A Season without a Plan

 

 

 

 

 

 

 

 

 

For the first time in many years, I’ve started running the dogs without a training schedule.  Last year and the year before, I planned to enter at least one race, and that race could have been the Yukon Quest, the other 1,000 mile dogsled race.  The years before those, I was building toward and then running in the Iditarod.  I always had a training plan and followed it.

It was almost a decade ago when I asked a very accomplished sprint racer, Ralph Whitten, if he liked racing most, training most, or looked at them as being two sides to the same coin.  Without hesitation, he said he liked training the dogs the most.  Of the three answers, that was the one that could have surprised me, and it did. 

While Ralph’s answer was a minor revelation, I easily identified with it.  I’ve never really liked racing.  It always struck me as being too contrived.  It still does, so there will come a year when I stop.  I’m just not sure if it’s this year or not.  I’m looking at the calendar and realizing that this will be the last year my qualifiers will be valid for the Quest.  It doesn’t help that I’ve had a couple of really good training runs.  My dogs are very old for any race, but I could look at that as a great challenge.  If I were to enter and just make it to Dawson, that by itself would maintain my quals until 2015. 

But, running the Quest isn’t the only possible goal bouncing around in my mind.  I’ve been saying for the last couple of years that I want to head into the Bob Marshall wilderness and sled into the Chinese Wall.  That excites many imaginations, including my own. 

Though quite different, sledding into the Bob may well be as challenging as running the Quest.    A lot of people run on packed trails of one sort or another.  Far fewer break their own trail in deep snow, something I’d have to do to see the Wall in winter.  I may well have to be developing my own techniques to do this---most of the backcountry and expedition mushing I’ve read about takes place on the shallower denser snow of the arctic and near arctic.  Seeing the Wall will require moving over the fluffy snow of the Rockies. 

Though probably not for the Chinese Wall, I also plan on becoming good at solo backcountry sledding.  I enjoy sledding with others just like I enjoy climbing with partners.  However, I climbed many more mountains when I started soloing.  They may have been only fourth or easy fifth class or on neve snow rather than glare ice, but it was fun and I reveled in the freedom of being able to head off on a whim to climb. 
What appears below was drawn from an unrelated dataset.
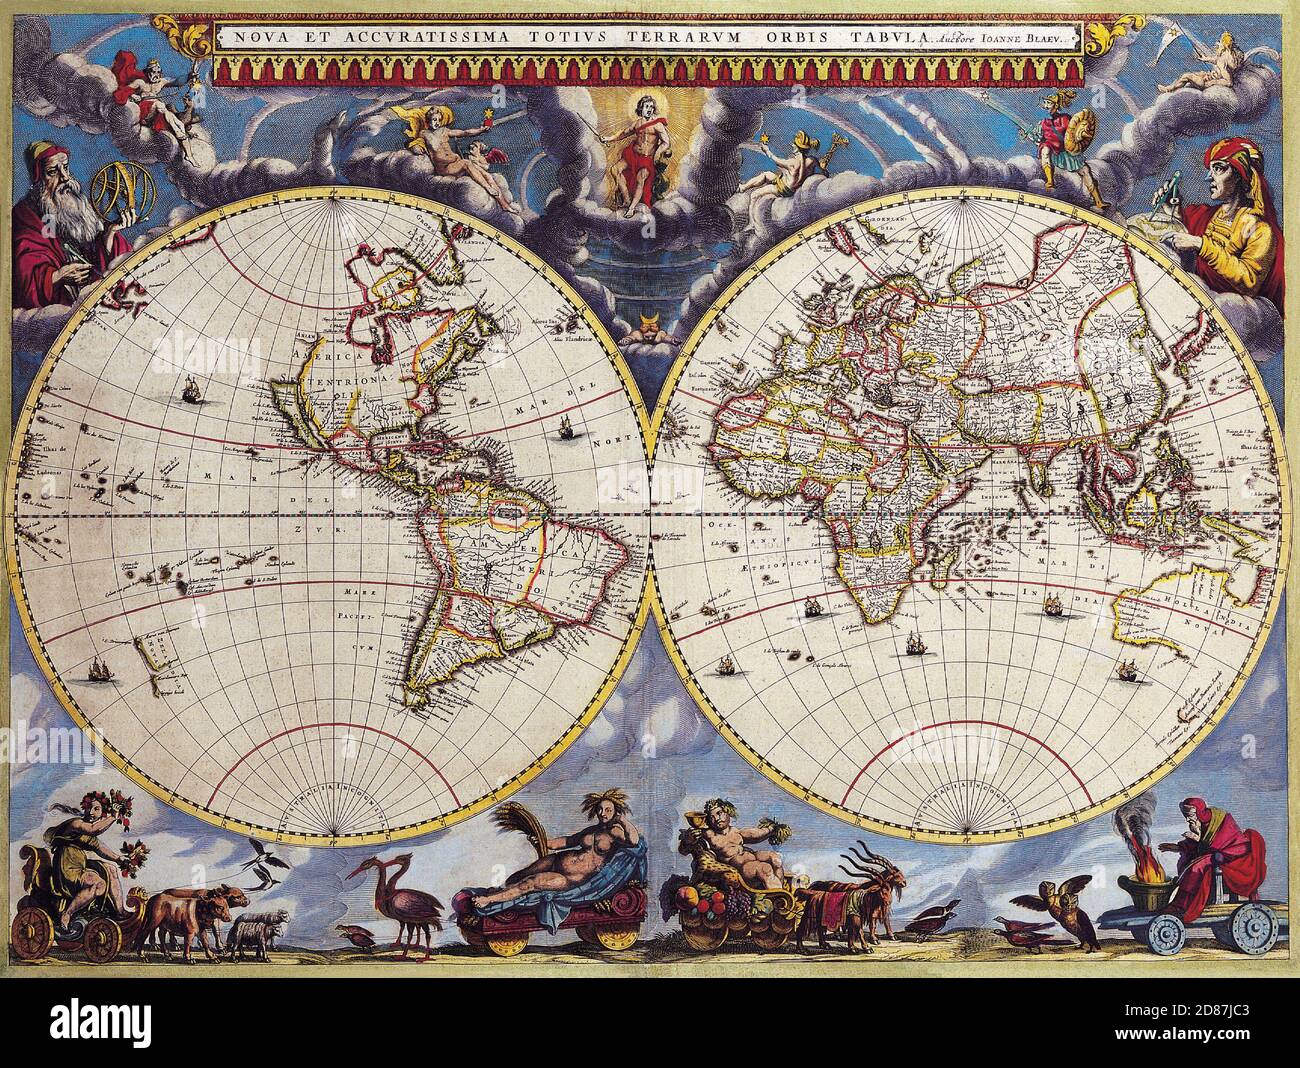 Illustrated old map of the World, vintage style full of details. Two hemispheres. Angels and persons surrounding. Stock Photo
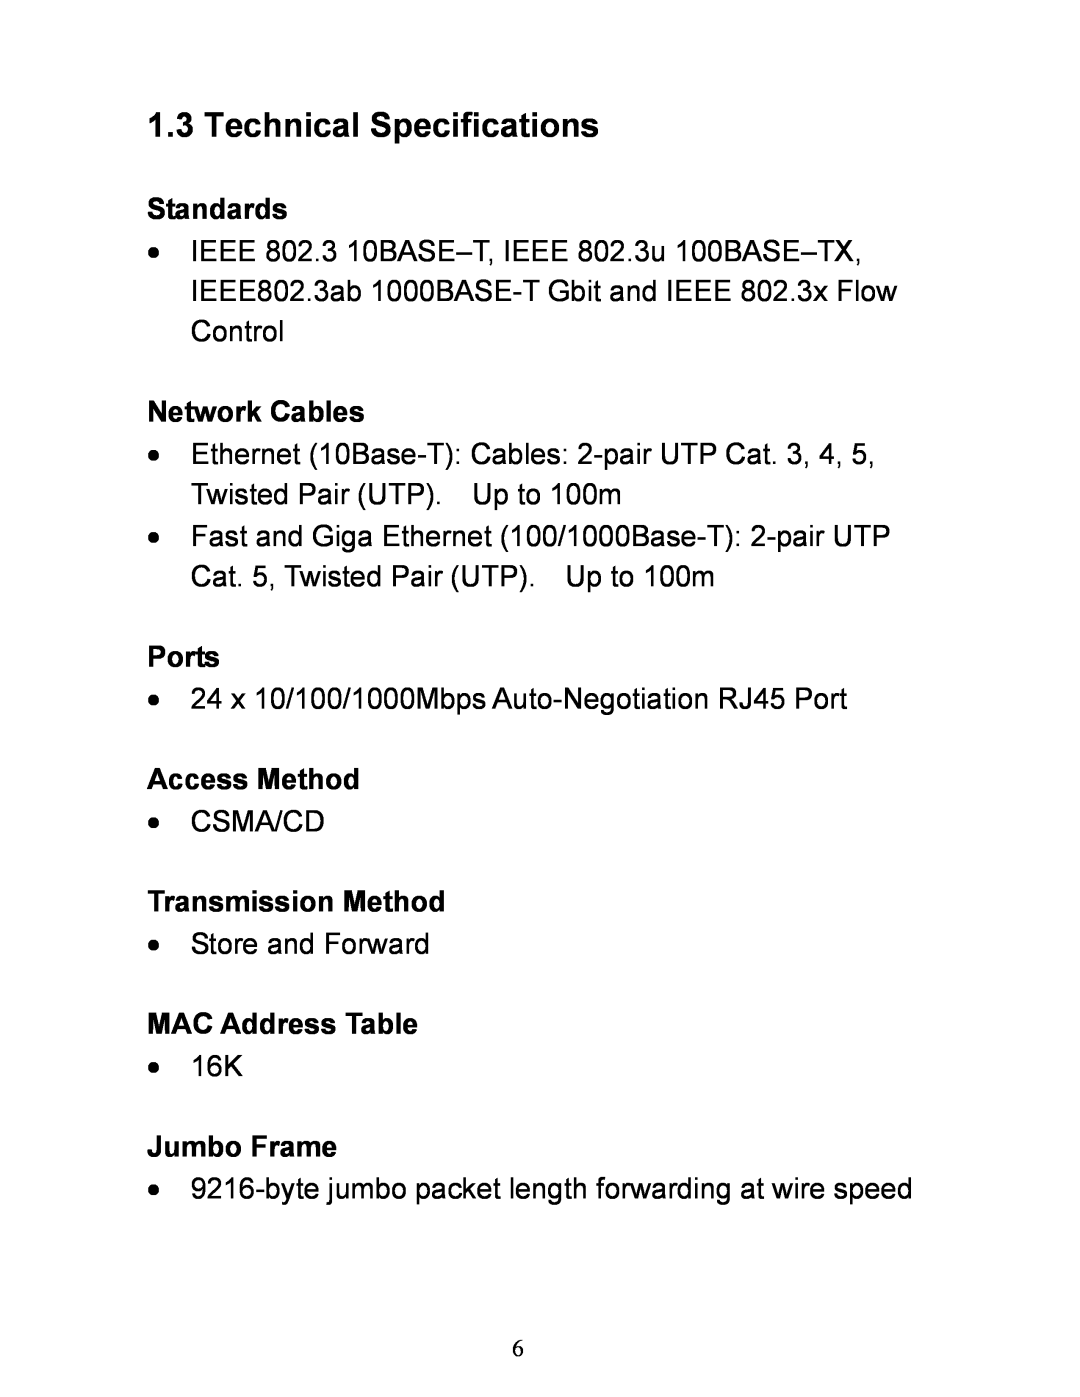 Airlink101 AGSW2400 manual Technical Specifications, Standards, Network Cables, Ports, Access Method, Transmission Method

I recall climbing through the spot on Mt. Ritter in the Sierras where John Muir, also solo, started to psyche out.  “My doom appeared fixed,” he wrote.  “I must fall.”   Rather than falling, he focused and moved up the north face of the mountain for its first ascent.  He claimed an angel had helped him.   It was steep third class covered with a thin layer of fall snow when I climbed it, something for which I didn’t need angels’ help.   But that was after many harder climbs both with friends and solo.  The development of climbing technique during the intervening century and my experience with it is what kept angels free to help other climbers.

Sledding with my dogs by ourselves in the wilderness will be an experience I could never get racing.

I’m seeing color in the aspen, poplar, and groundcover.  It’s now cool enough that I’m wearing a light coat as I feed in the evening.  Fall has definitely started.  And the annual rhythm is taking over.  With the work preparing for last weekend’s Yom Chi Taekwon-Do Association’s National Instructor’s course behind me, I’m running the dogs regularly.  For them, the plan doesn’t matter and they’re very happy.  And even without a plan, I guess I am too.